> For the complete documentation index, see [llms.txt](https://docs.pentaho.com/llms.txt). Markdown versions of documentation pages are available by appending `.md` to page URLs; this page is available as [Markdown](https://docs.pentaho.com/pdia-data-integration/10.2-data-integration/advanced-topics-pentaho-data-integration-overview/connecting-to-a-hadoop-cluster-with-the-pdi-client-article/access-the-apache-hadoop-driver-work-with-data-connecting-to-hadoop-cluster-with-pdi-client.md).

# Using the pre-installed Apache Hadoop driver

You can access and use the installed Apache Hadoop driver for HDFS copy file operations as well as for executing input and output transformations and jobs. The driver works with both secure and unsecured clusters. Because the driver pre-installed, you do not have to install a KAR file.

The supported big data steps in Pentaho include:

* [Avro Input](/pdia-data-integration/10.2-data-integration/pdi-transformation-steps-reference-overview/avro-input.md)
* [Avro Output](/pdia-data-integration/10.2-data-integration/pdi-transformation-steps-reference-overview/avro-output.md)
* [ORC Input](/pdia-data-integration/10.2-data-integration/pdi-transformation-steps-reference-overview/orc-input.md)
* [ORC Output](/pdia-data-integration/10.2-data-integration/pdi-transformation-steps-reference-overview/orc-output.md)
* [Parquet Input](/pdia-data-integration/10.2-data-integration/pdi-transformation-steps-reference-overview/parquet-input.md)
* [Parquet Output](/pdia-data-integration/10.2-data-integration/pdi-transformation-steps-reference-overview/parquet-output.md)

Both operating system file browsers and the Pentaho virtual file system browsers are supported, as well as basic HDFS and VFS operations. For more information, see [Connecting to Virtual File Systems](/pdia-data-integration/10.2-data-integration/data-integration-perspective-in-the-pdi-client/virtual-file-system-browser.md).

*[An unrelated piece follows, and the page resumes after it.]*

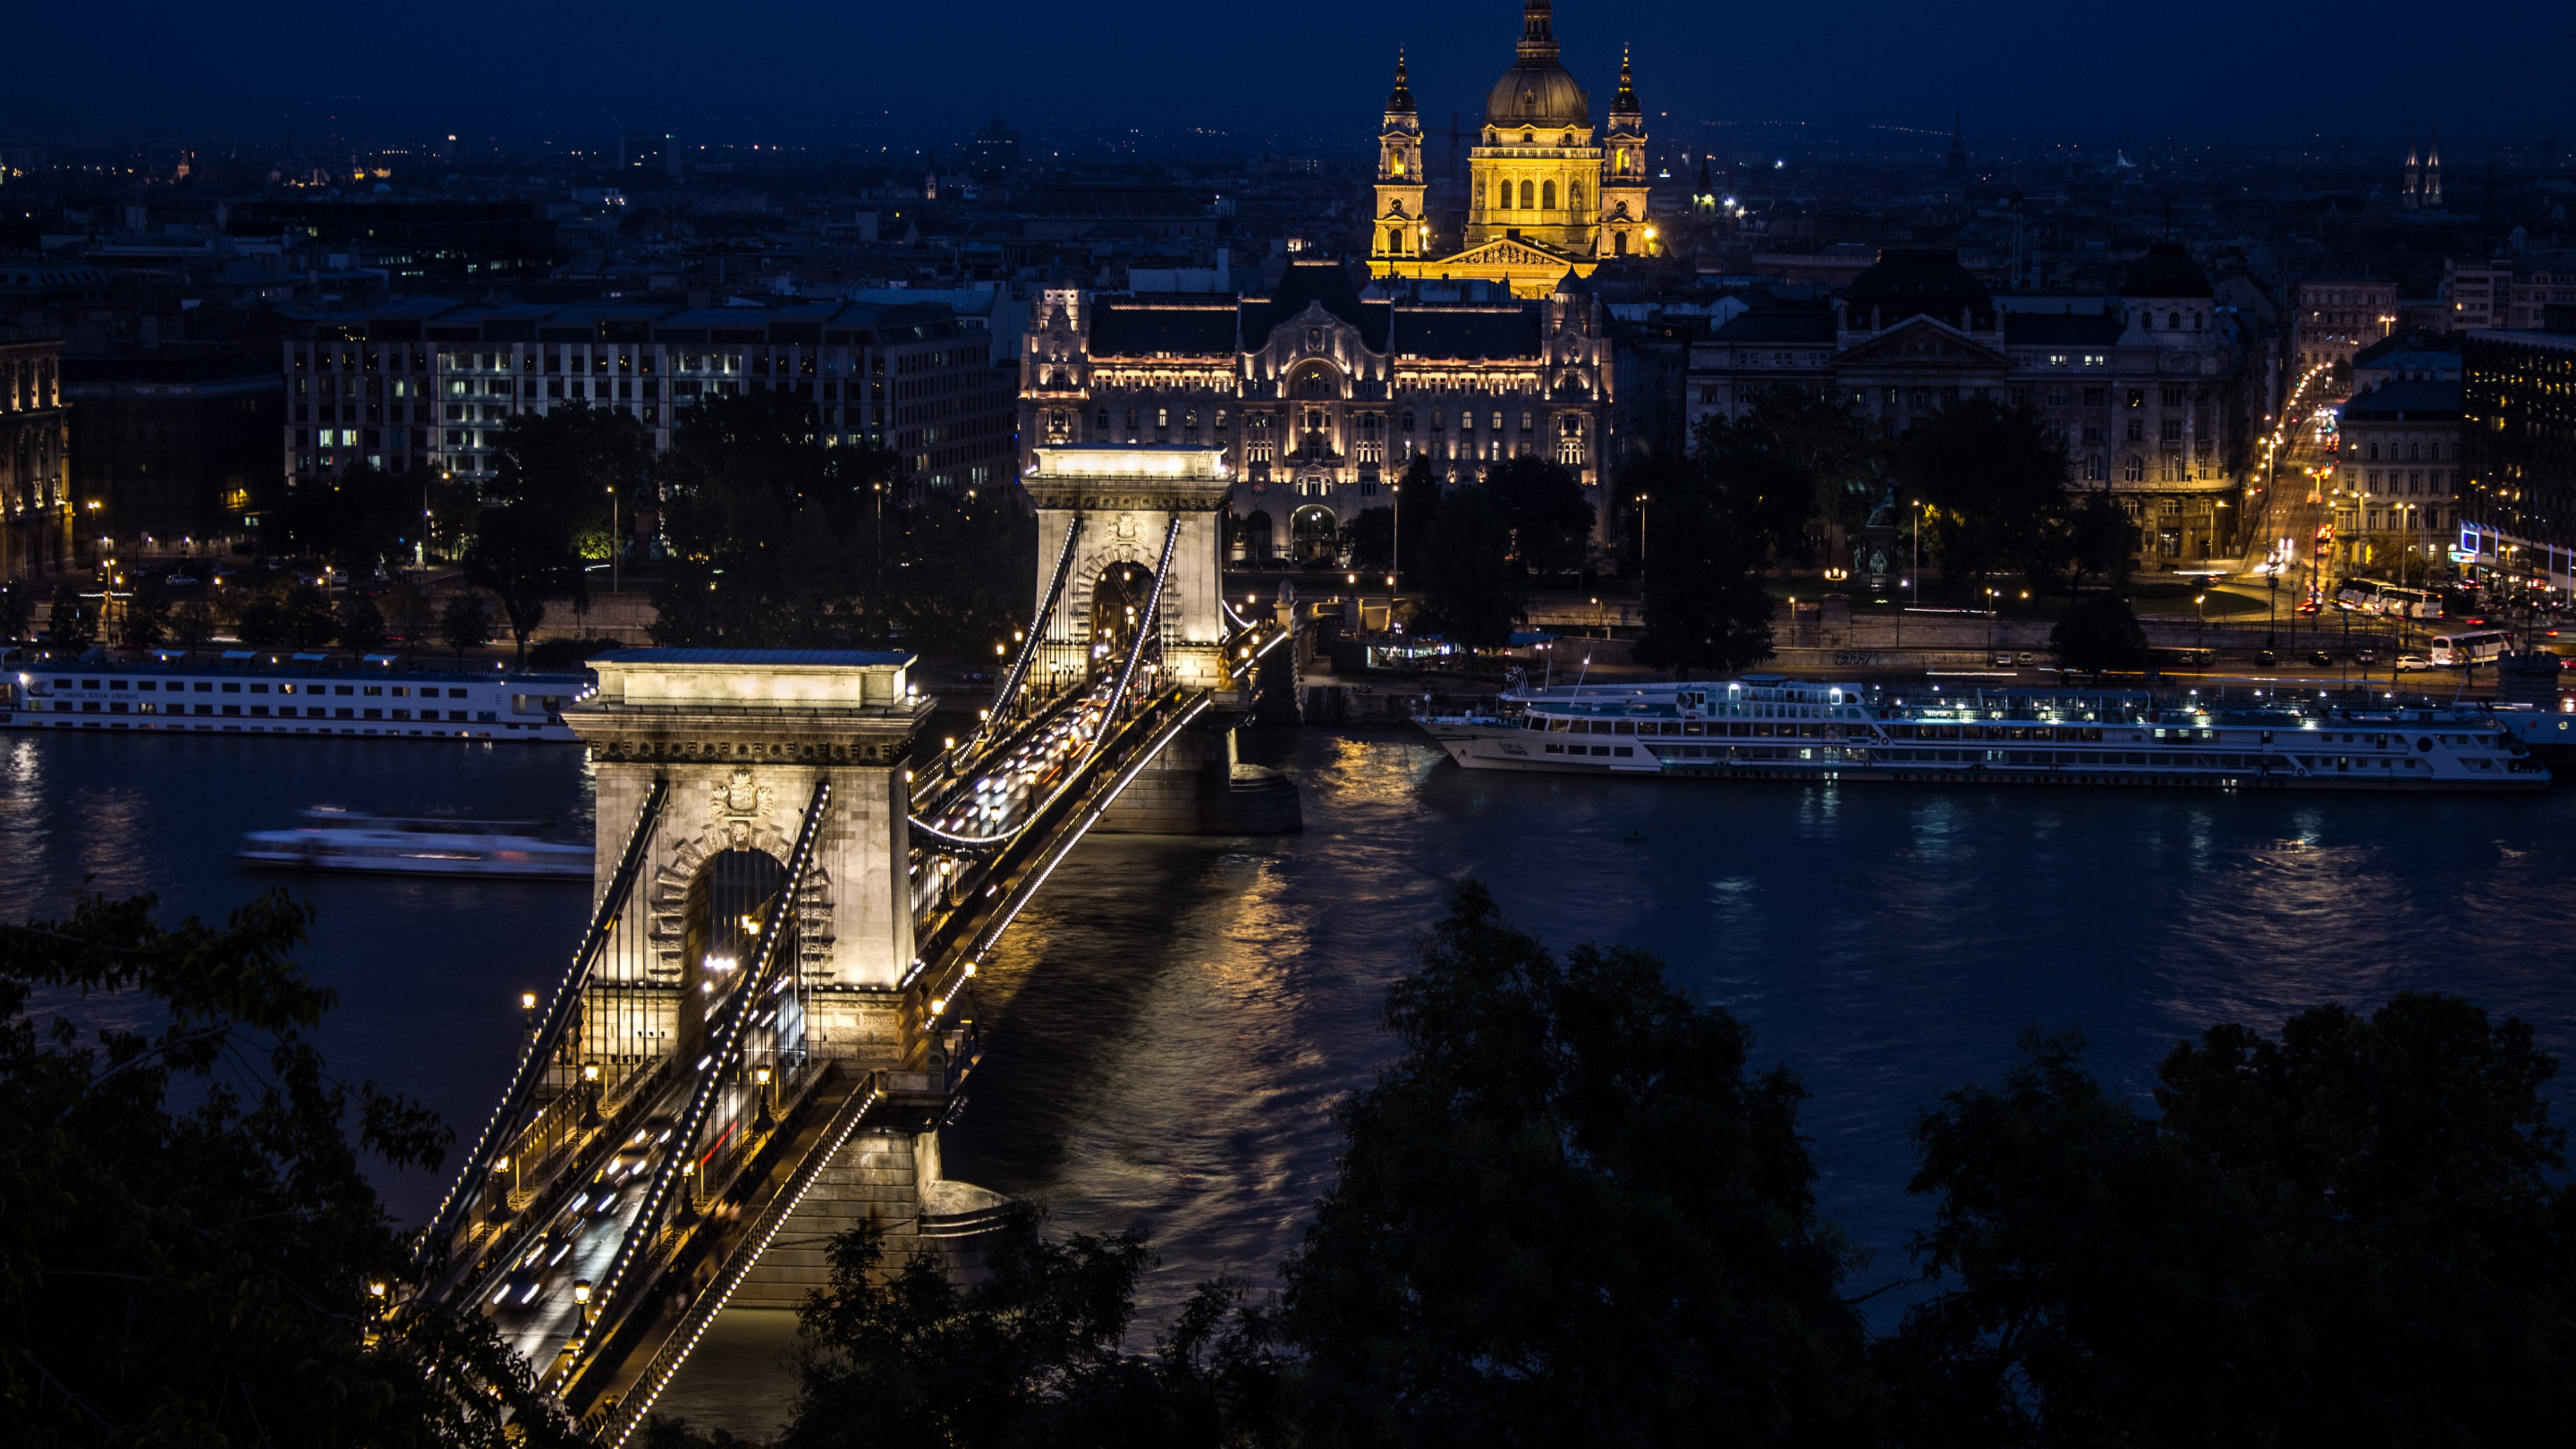 Budapest by Night wallpaper 2880x1620
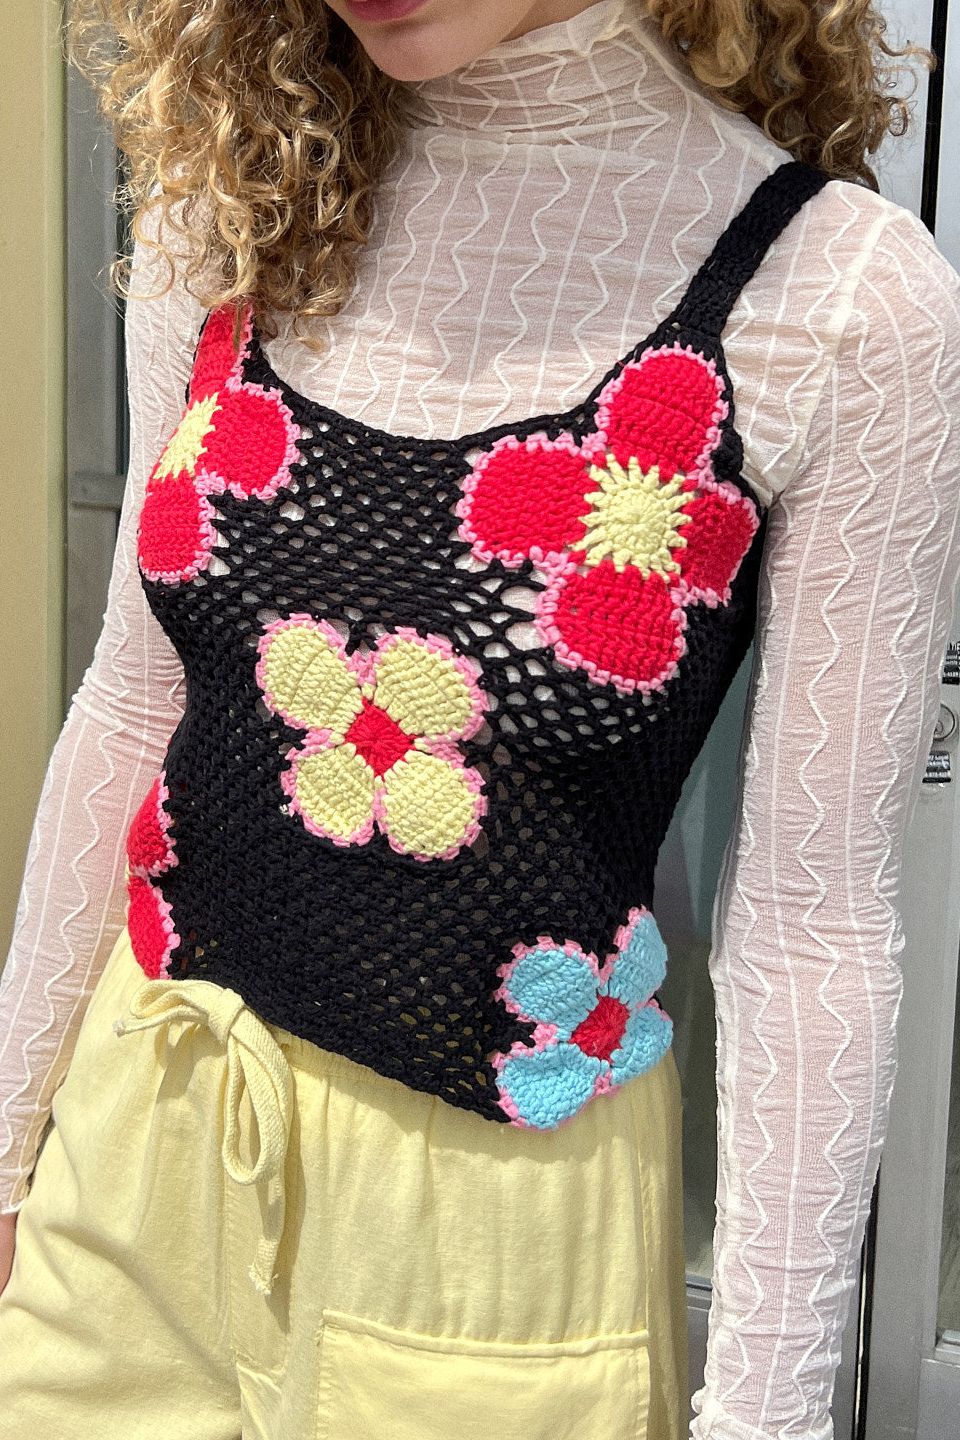 Long Sleeve Crochet Blouse And Bra - Crochet Ideas  Crochet fashion,  Crochet tops free patterns, Crochet clothes

**Note:** Only Hadoop clusters that conform with standard Hadoop connection rules work with the Apache Hadoop Driver. For example, while EMR clusters may work, MapR does not work with this driver because the connection rules for MapR are not standard. The Apache Hadoop Driver is not intended to support higher level Hadoop operations such as Hive, HBase, Sqoop, and Oozie. If you require these operations, install the KAR file for the applicable vendor.


---

# Agent Instructions
This documentation is published with GitBook. GitBook is the documentation platform designed so that both humans and AI agents can read, navigate, and reason over technical content effectively. Learn more at gitbook.com.

## Querying This Documentation
If you need additional information that is not directly available in this page, you can query the documentation dynamically by asking a question.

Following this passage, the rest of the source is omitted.